I wonder how that fits in with my observations. Just raising the clock speed to 3.8GHz increased ampere by 15 to 115A. (Compared to 3.425GHz (100A) with static default voltage.)

Because 3.7GHz with the same voltage only draws 107A, I would argue that if we follow the curve and if it would be stable at these voltages, with 3.9GHz current would be about ~125A and at 4GHz with the same voltage ~138A.

So basically the only reason why the power draw is higher is clock speed. I'm unsure why

 

Years ago when I last overclocked something the only thing raising the temperature was voltage.

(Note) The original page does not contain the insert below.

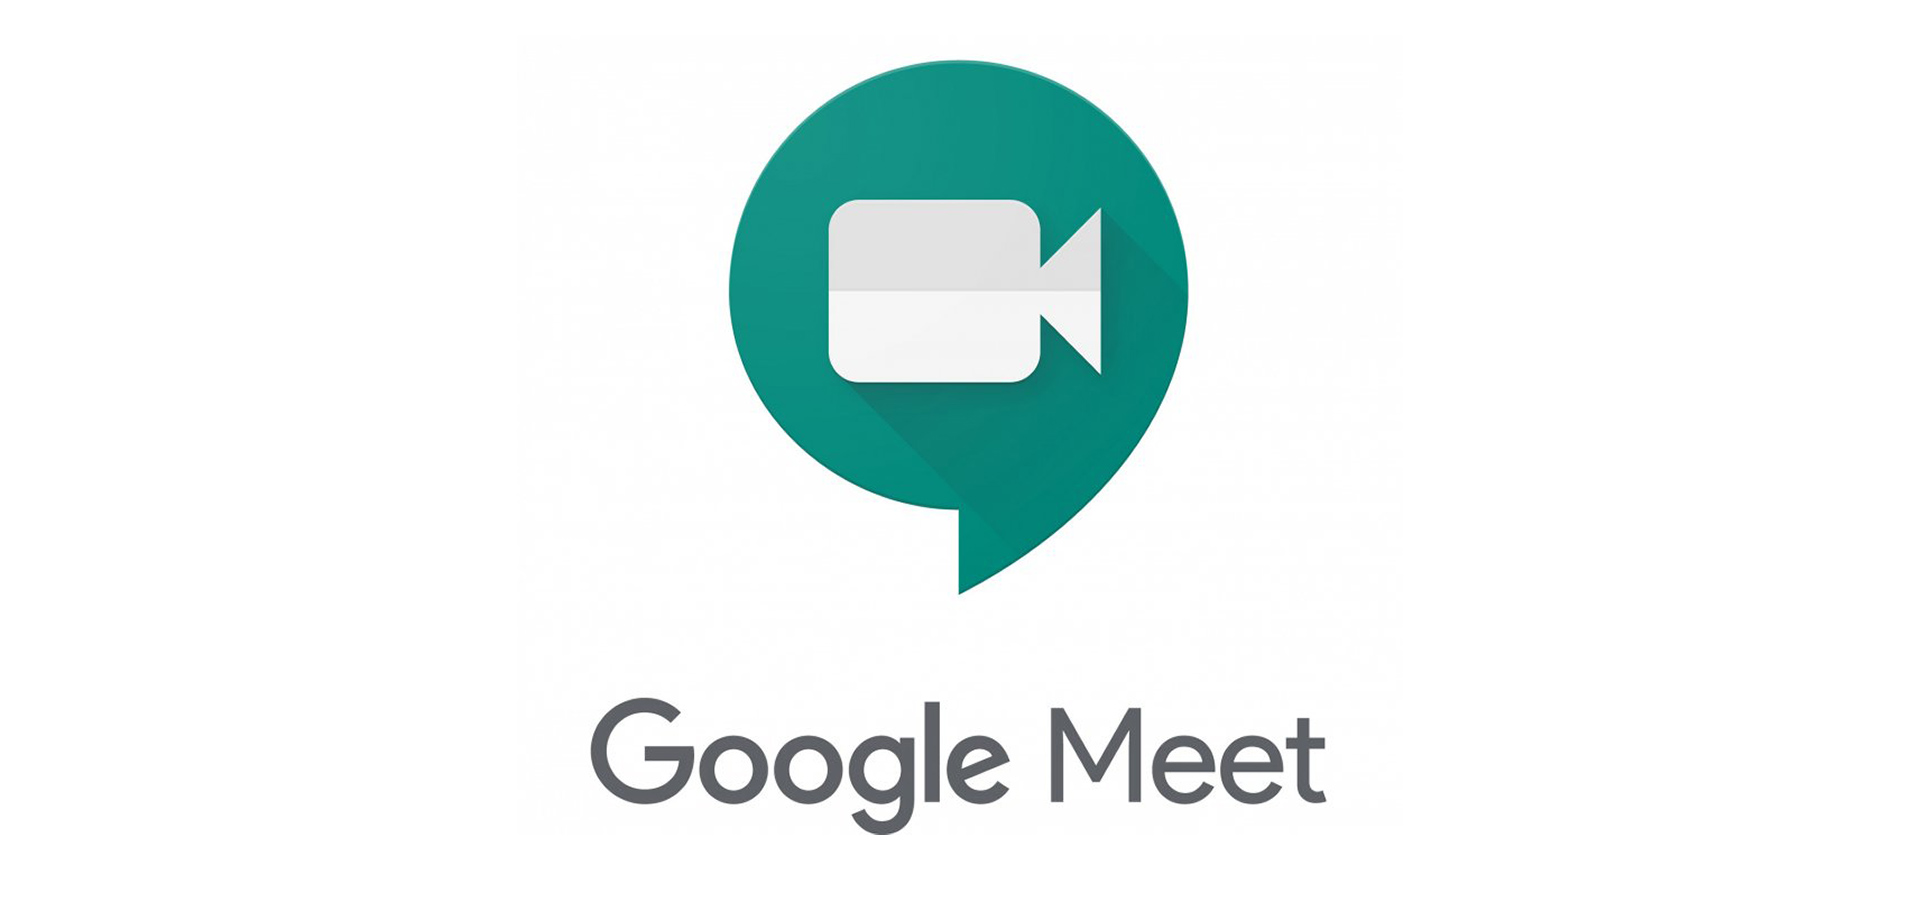 Google Meet يدعم ردود فعل الرموز التعبيرية

because voltage readings from software is wrong and you're actually using more voltage? Unless you use one of those flagship boards, treat the software voltage reading as merely a suggestion of voltage used.

[Distelzombie]

On 2/1/2019 at 3:25 PM, Jurrunio said:

because voltage readings from software is wrong and you're actually using more voltage? Unless you use one of those flagship boards, treat the software voltage reading as merely a suggestion of voltage used.

Yes, ok. But since the voltage reading in HardwareMonitor didn't change at all between the changes of 3.4GHz and 3.8GHz, the real voltage hasn't changed either (That's how things work) - might it be higher or lower in reality than what it displays is irrelevant in this case: because we're only looking for a change. And there was none. The software would definitely show a change if there was one.

If it wouldn't be a huge hassle to remove the board from the case again and run it outside with access to the back of the socket, I would make accurate voltage readings.

 

So my observations stands: Increasing clock speed alone increases power consumption significantly.

[Jurrunio]

1 hour ago, Distelzombie said:

Yes, ok. But since the voltage reading in HardwareMonitor didn't change at all between the changes of 3.4GHz and 3.8GHz, the real voltage hasn't changed either (That's how things work) - might it be higher or lower in reality than what it displays is irrelevant in this case: because we're only looking for a change. And there was none. The software would definitely show a change if there was one.

If it wouldn't be a huge hassle to remove the board from the case again and run it outside with access to the back of the socket, I would make accurate voltage readings.

 

So my observations stands: Increasing clock speed alone increases power consumption significantly.

if you actually watched the video you wont be saying this

[Distelzombie]

1 hour ago, Jurrunio said:

if you actually watched the video you wont be saying this

Sorry I don't think you understood me correctly, please elaborate when you see the real voltage change in the video without also seeing the voltage the sensors read change.

 

The sensors do read the real voltage. They are essentially 12 to 14bit analog-to-digital converter (That's why there is a certain granularity to the measurements) that sit on the vcore rail. What the actual reading is is irrelevant when you only care for a change.

They always show the change, by nature, but the reading might be of by +-0.2.

Of course, at the two extremes the A-to-D converter reaches it's limit and doesn't show a change anymore. For these applications it might be 0V to 2V, divided by 512 or 2048 steps. (12 or 14 bit)

 

Anyway. That's not in the video, right?